• **PROBLEM TO SOLVE**
Using the data below, reproduce exactly the lines from the line with "格安SIMにしたら毎月の携帯代が激安になった" to the line with "furnituredealer.net building", both included; pictures must be dropped.
*** DATA UNDER STUDY ***
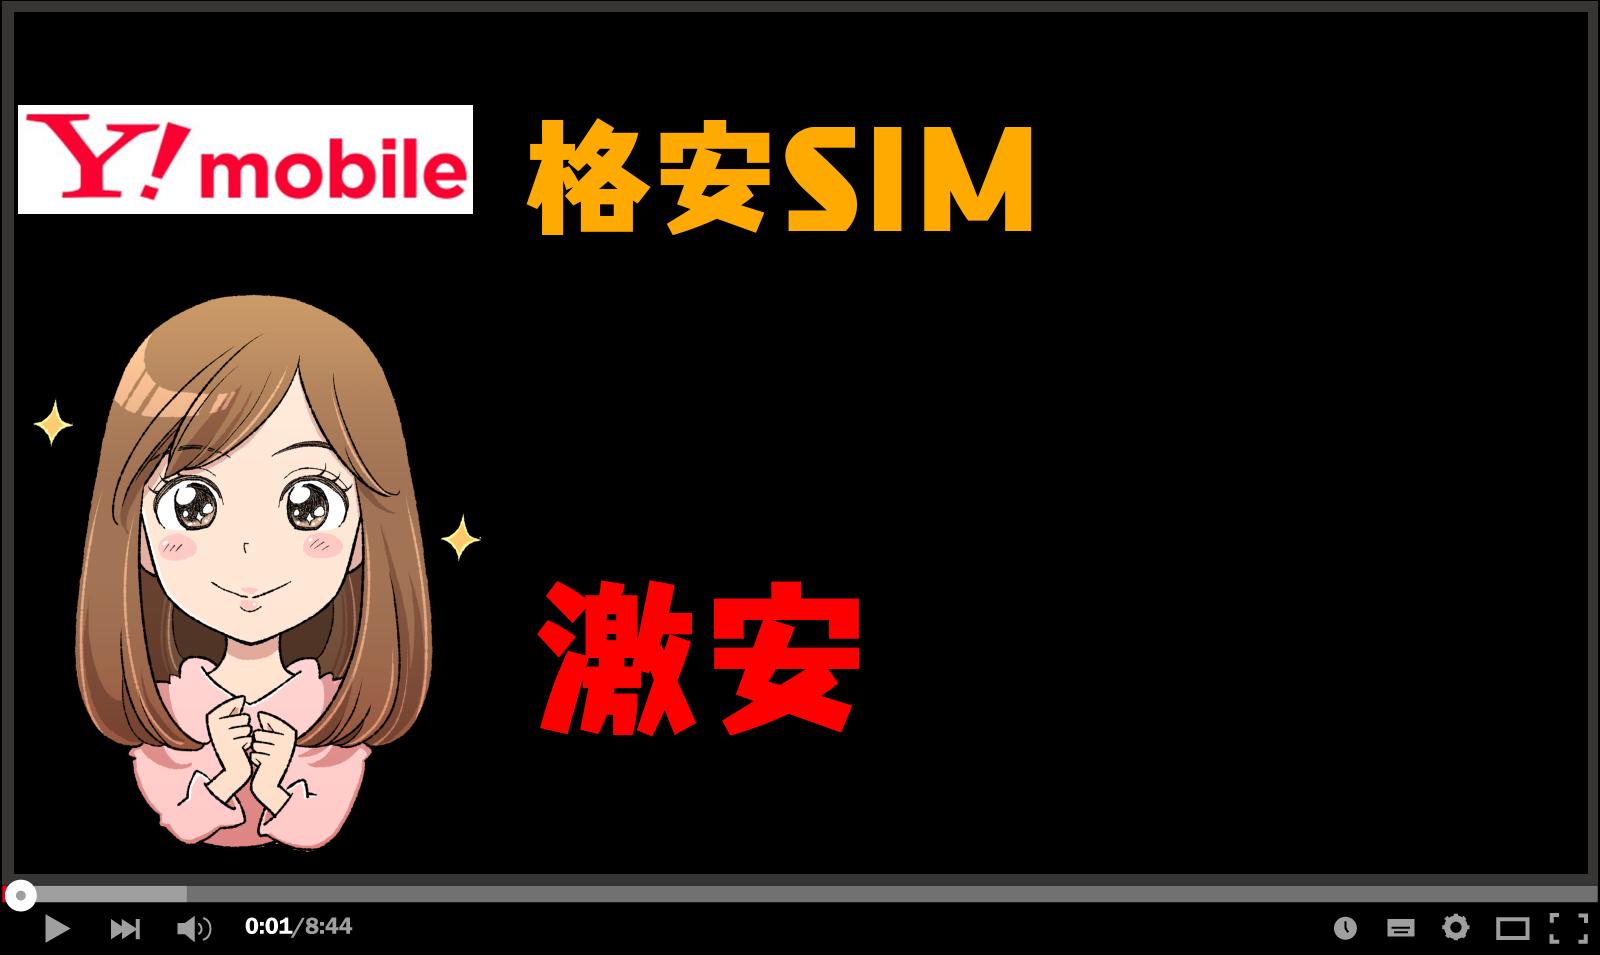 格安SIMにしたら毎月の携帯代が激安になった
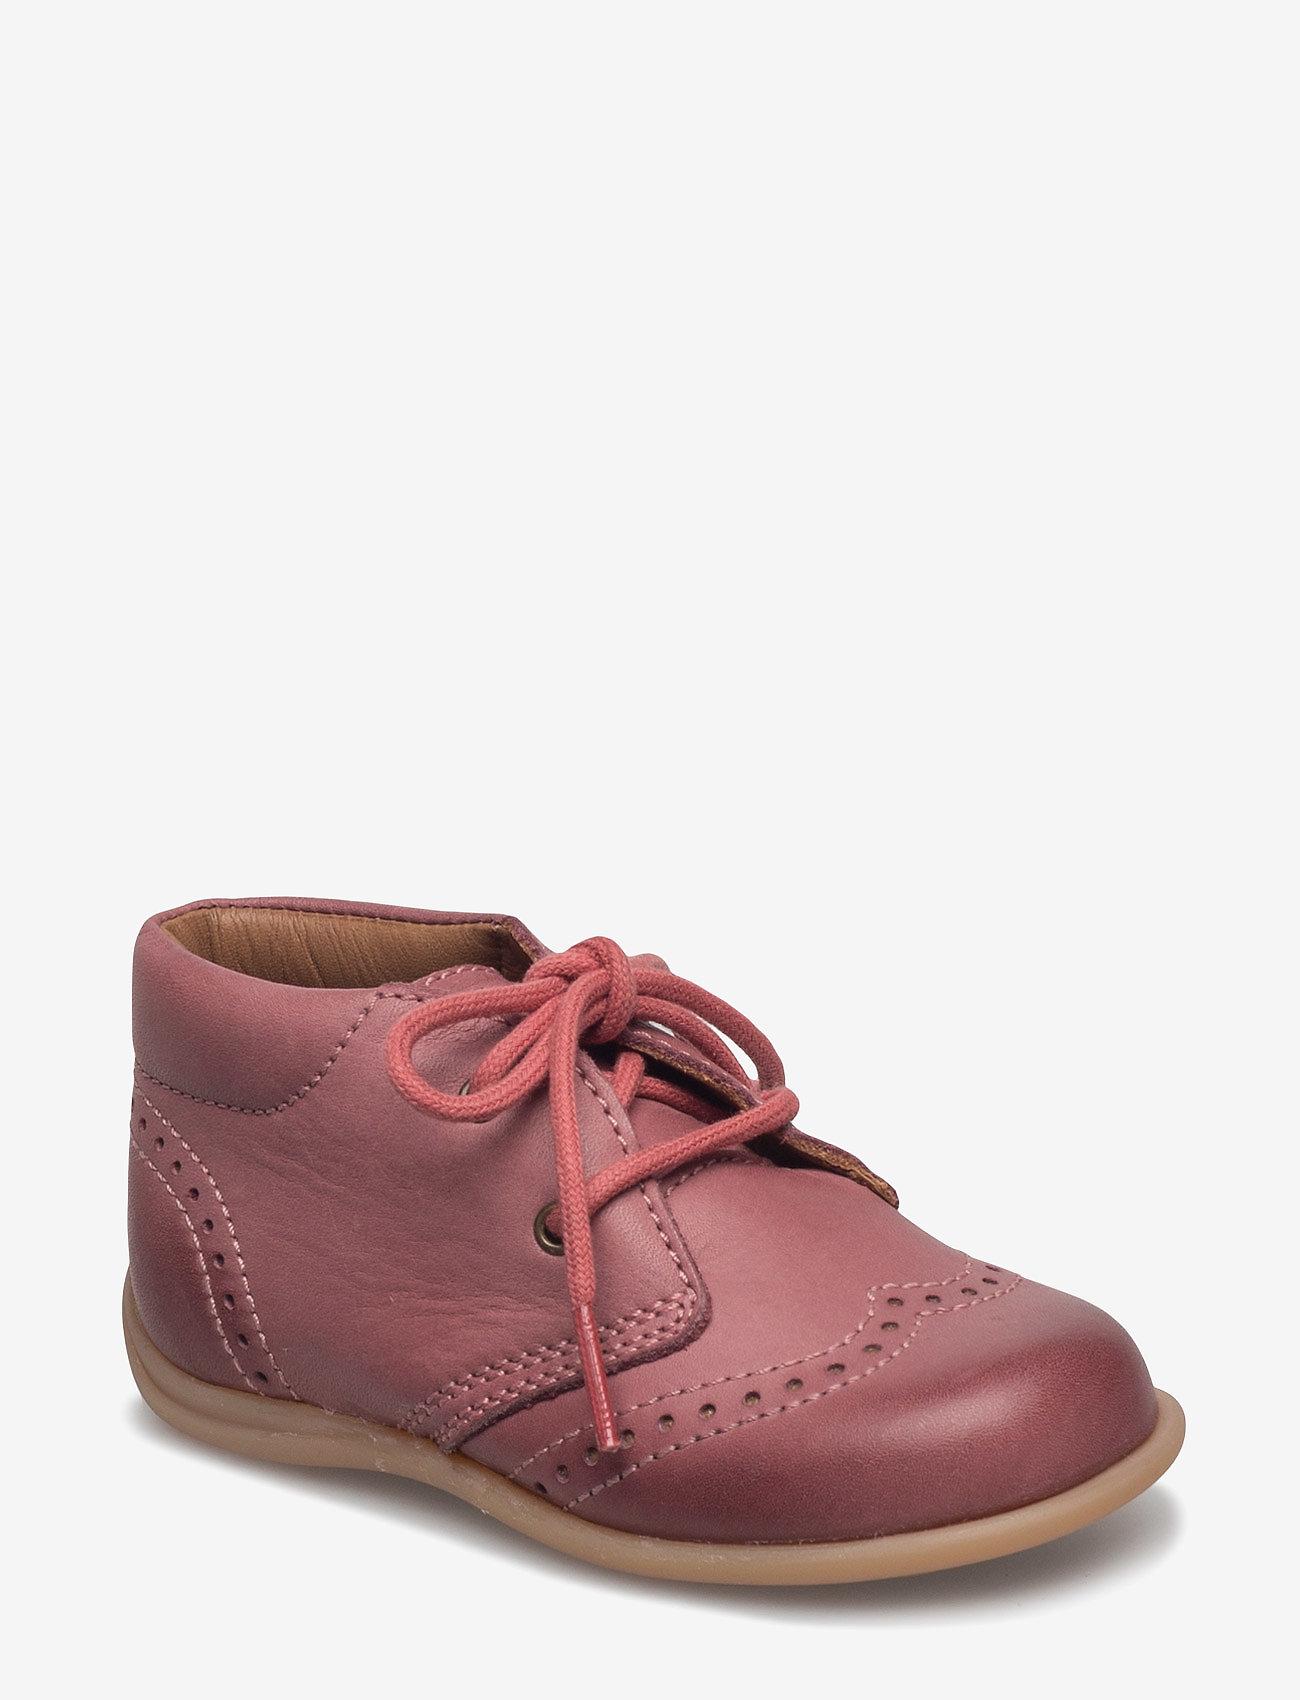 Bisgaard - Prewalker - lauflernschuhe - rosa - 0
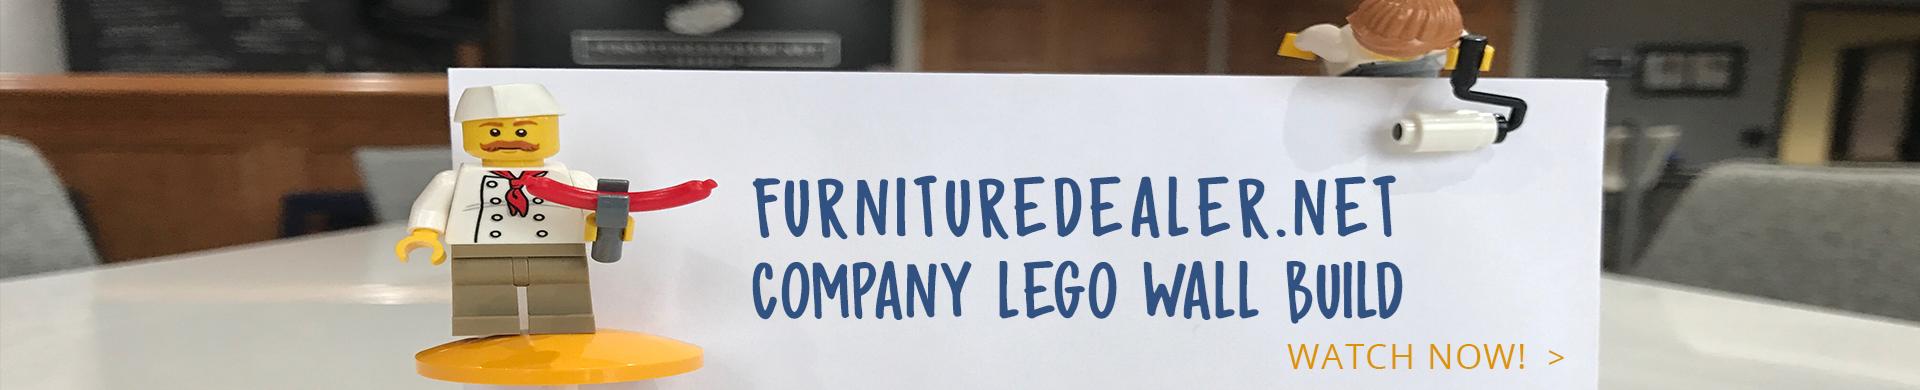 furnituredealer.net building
*** End of DATA UNDER STUDY ***
*** DATA UNDER STUDY ***
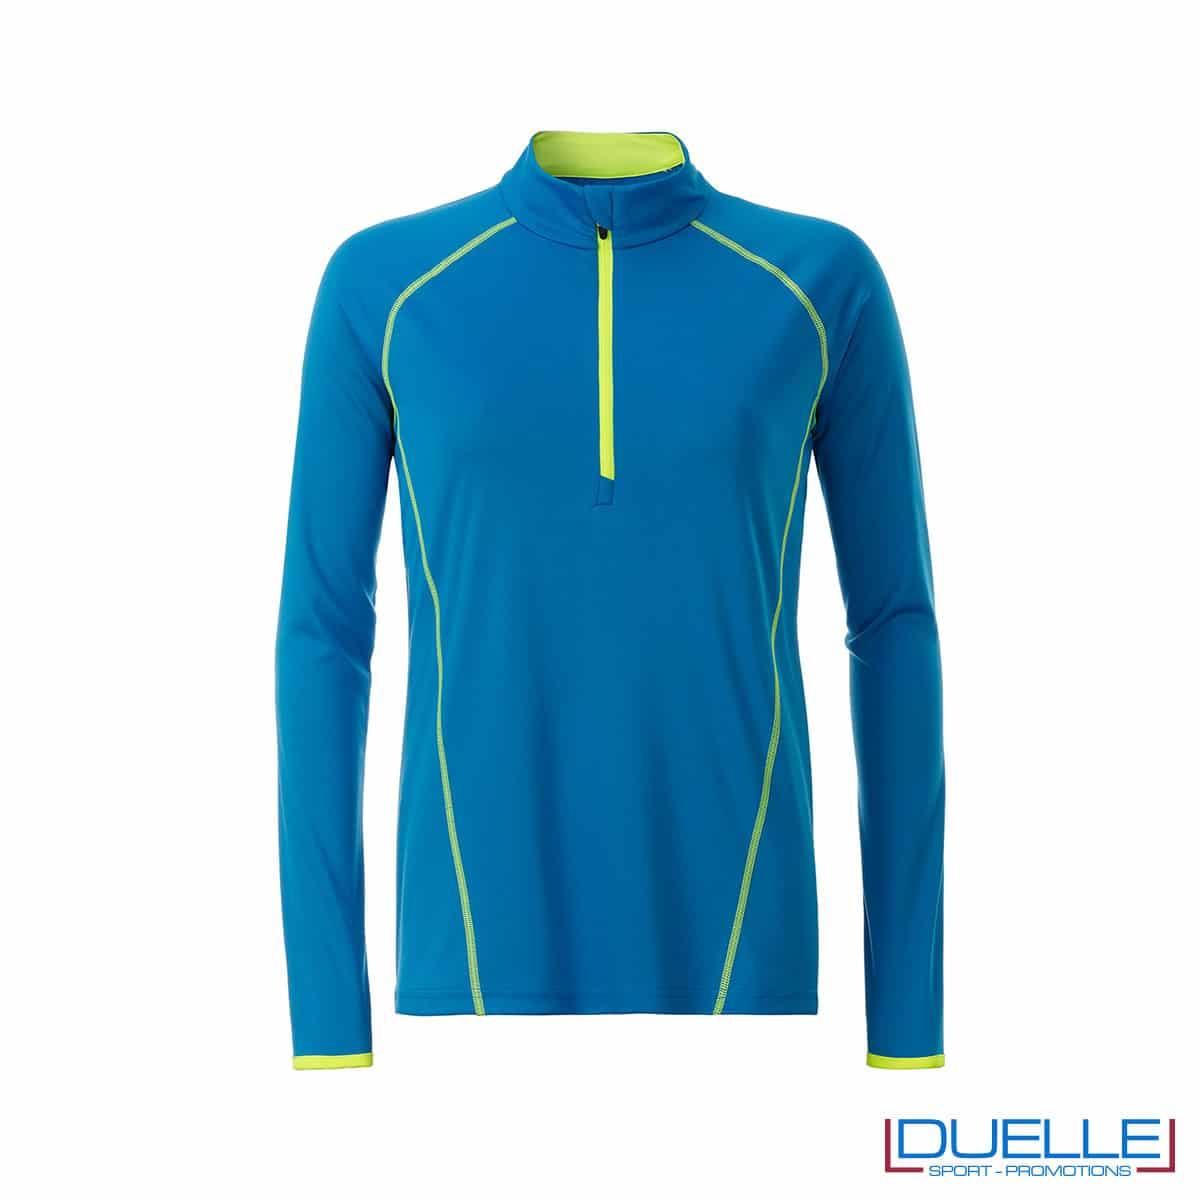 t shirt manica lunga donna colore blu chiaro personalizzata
*** End of DATA UNDER STUDY ***
• **ANSWER TO THE PROBLEM**
 格安SIMにしたら毎月の携帯代が激安になった
 Bisgaard - Prewalker - lauflernschuhe - rosa - 0
 furnituredealer.net building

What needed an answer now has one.